И шум в голове? – И шум.
– Шум трения мыслей. – Эмиль говорит чуть громче, чем следует. Быстро он обучился актерскому мастерству.
– Издеваешься, доктор? – Петя берет его за руку, заглядывает в глаза. А руки у Пети сильные. – Выпендриваешься перед… – кивает в сторону Киры.
– Может, немного. Прости.
– Это ничего, это мы можем понять. – Петя меняет местами его тарелки-рюмки с Алениными, кажется, даже шлепает ее под зад – со мной пошли! – и объявляет:
– Прошу поднять бокалы за родителей нашей Милы.

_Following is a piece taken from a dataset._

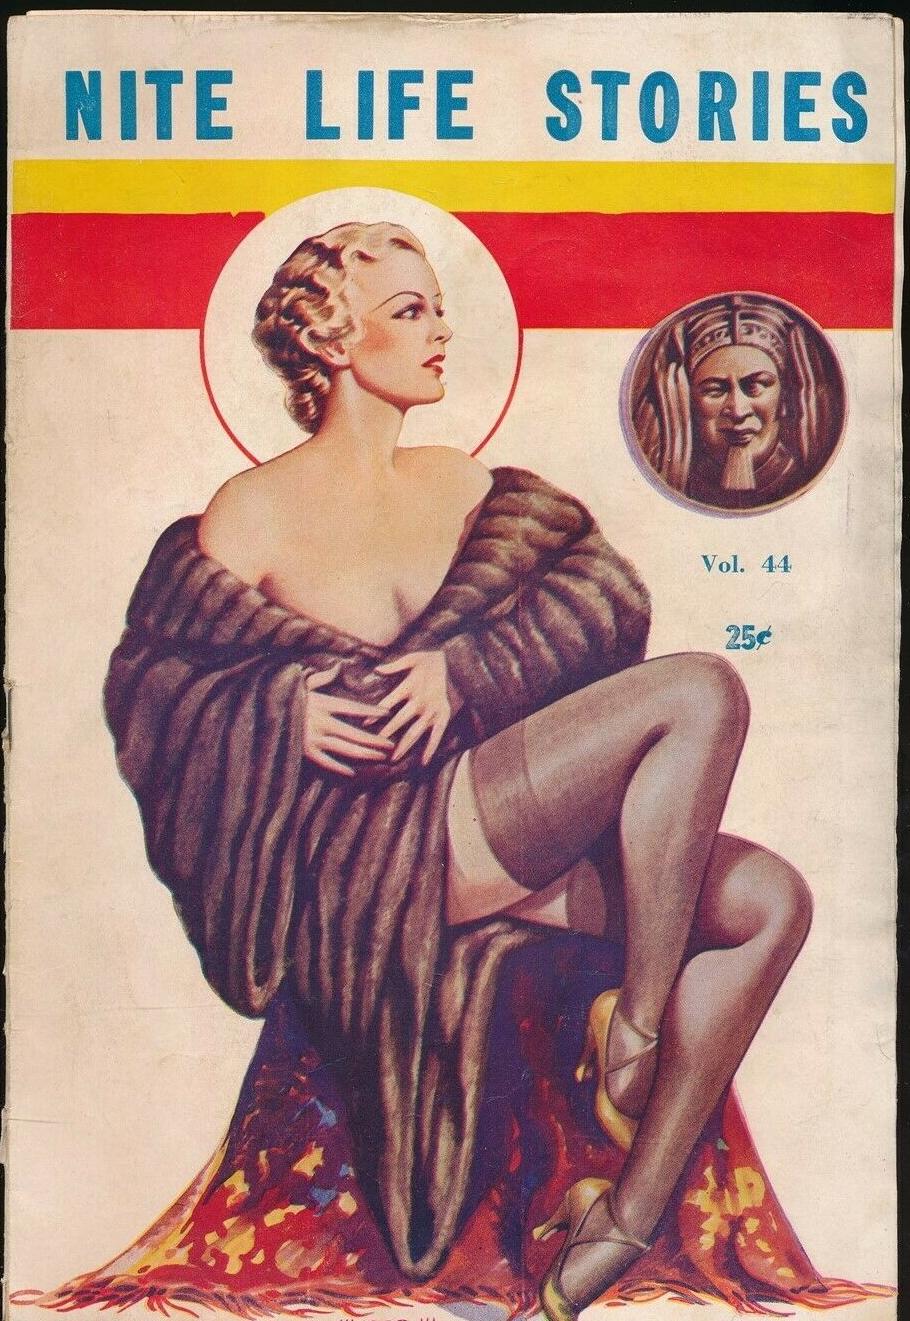 Nite Life Stories - 1930s?
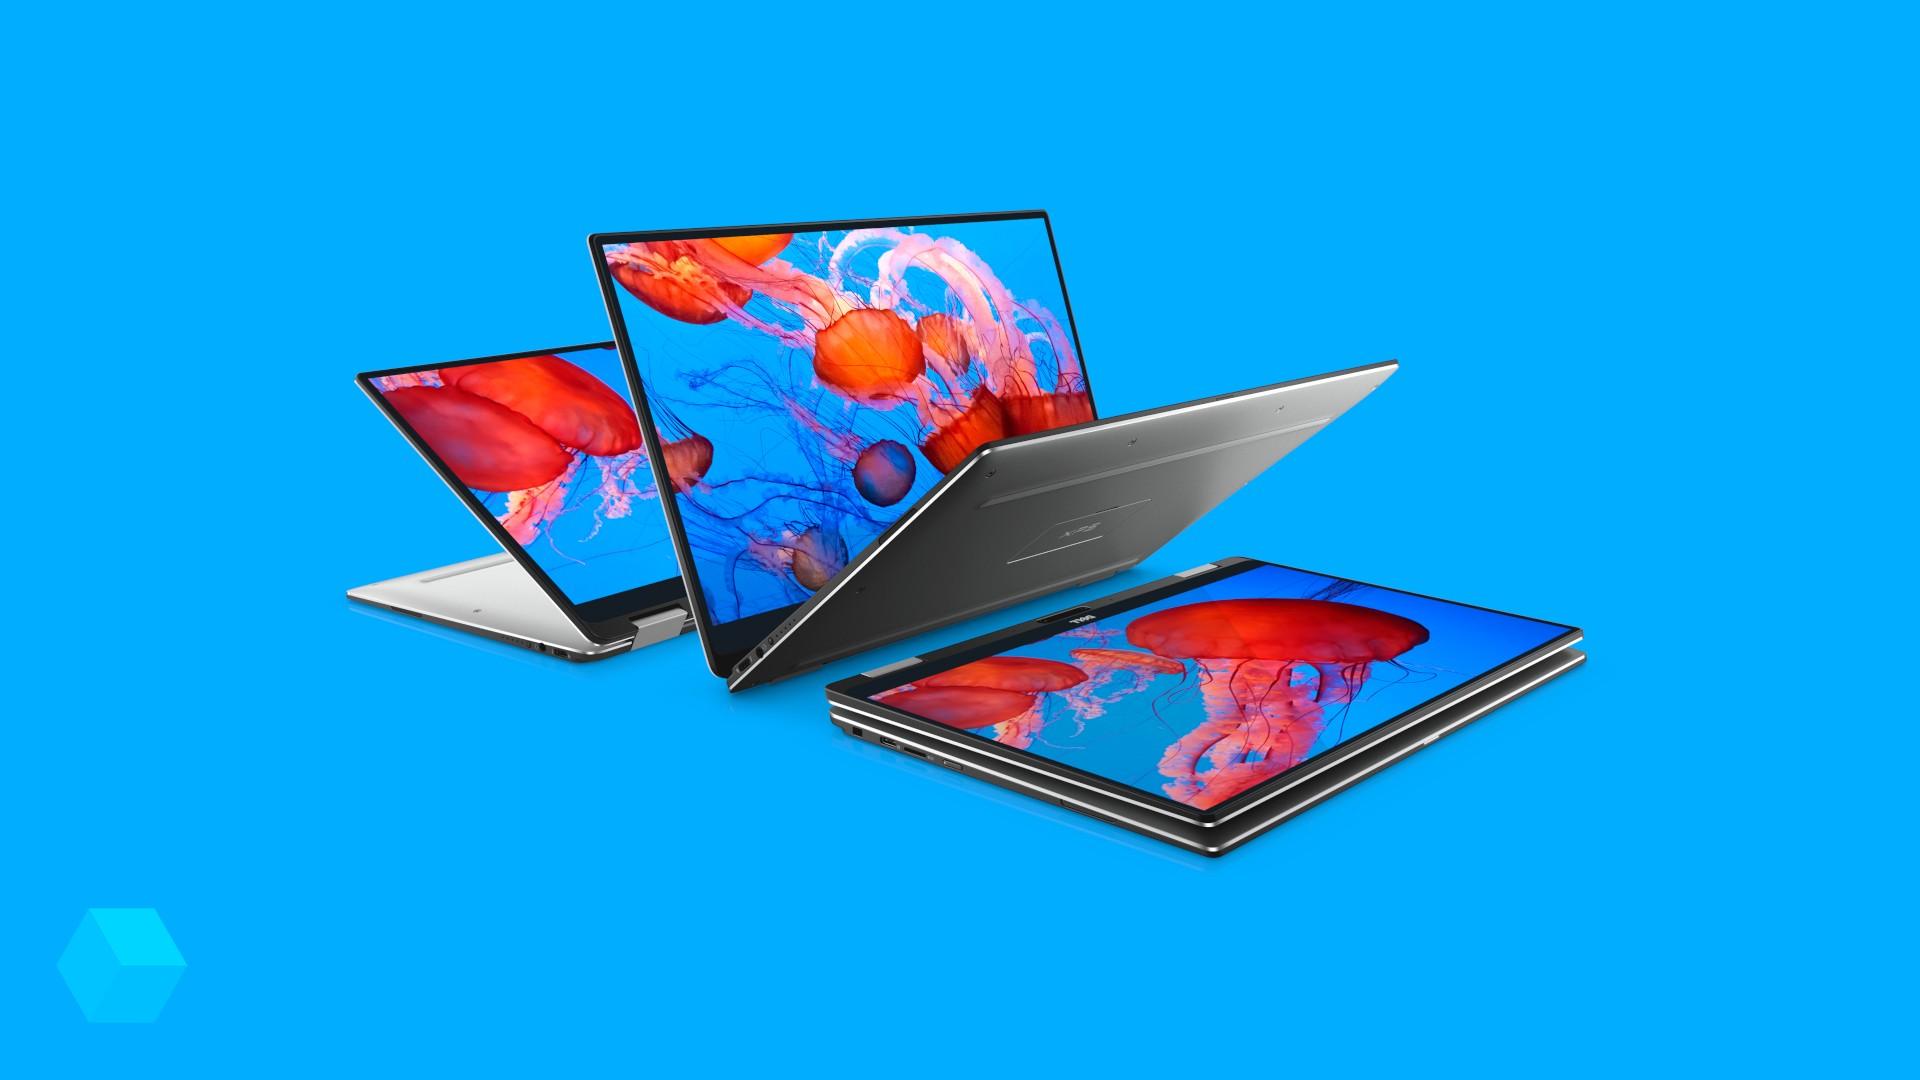 Dell на IFA 2018: хромбук, трансформеры и HDR-монитор

Гости уже с трудом отрываются каждый от своей еды, болтовни. А Петя истошно орет:
– Горько! Го-о-орько!
Как же, при всех?.. Эмиль смотрит на Киру, подходит к ней.
– Горько!!! – не унимается Петя.
Поцелуй выходит формальным. Но на душе у Эмиля не то что лучше, а просто совсем хорошо. Хотя и слов еще за сегодня между ними не было сказано. Когда он только вошел, неподалеку от нее сел, она улыбнулась, кивнула, но всего-то и произнесла: «О, привет».
А ведь может выйти и так, что они поговорят, посидят, и останется все на уровне прикосновений, запахов, переглядываний, случайных фраз, одного диетического поцелуя…
– Ты присмирел, – теперь говорит она.
– Постарел?
– Нет, именно присмирел. Меньше стало мальчишества.
– Любишь мальчишество? – спрашивает Эмиль.
Кира кивает.
Пауза.
– А в Кирилле мальчишество есть?
Она показывает: погляди, как он смотрит на свой автобус! Двухэтажный, в автографах. Не автобус – мечта.
И уже без слов: как тебе твоя дочь? Эмилия – так Кира ее назвала: Эмиль и я – девочка-шарада, девочка-ребус, новый химический элемент, очень легкий – в хорошем смысле, не то что – взвешен и найден легким, нет.
Легкость она унаследовала от матери. Та даже не прервала учебы, чтобы ее родить. Разумеется, были и дедушка с бабушкой, и другие счастливые обстоятельства. Это свадьба, не будем про быт. Для кого-то он становится тяжкой работой, а для кого-то и отдыхом, особенно в наши дни. Иудеи превратили хлопоты по хозяйству в служение Всевышнему, но то иудеи. Для мамы ее это тоже своего рода служение: как там про пирожки и про то, чтоб было все хорошо?
Кстати, об иудеях. Кирилл – из-за мамы не назовешь его Кирой – сказал тут на днях: «Как мне нравится, когда у тебя проступают семитские черты!» – жулик, знал уже про отца.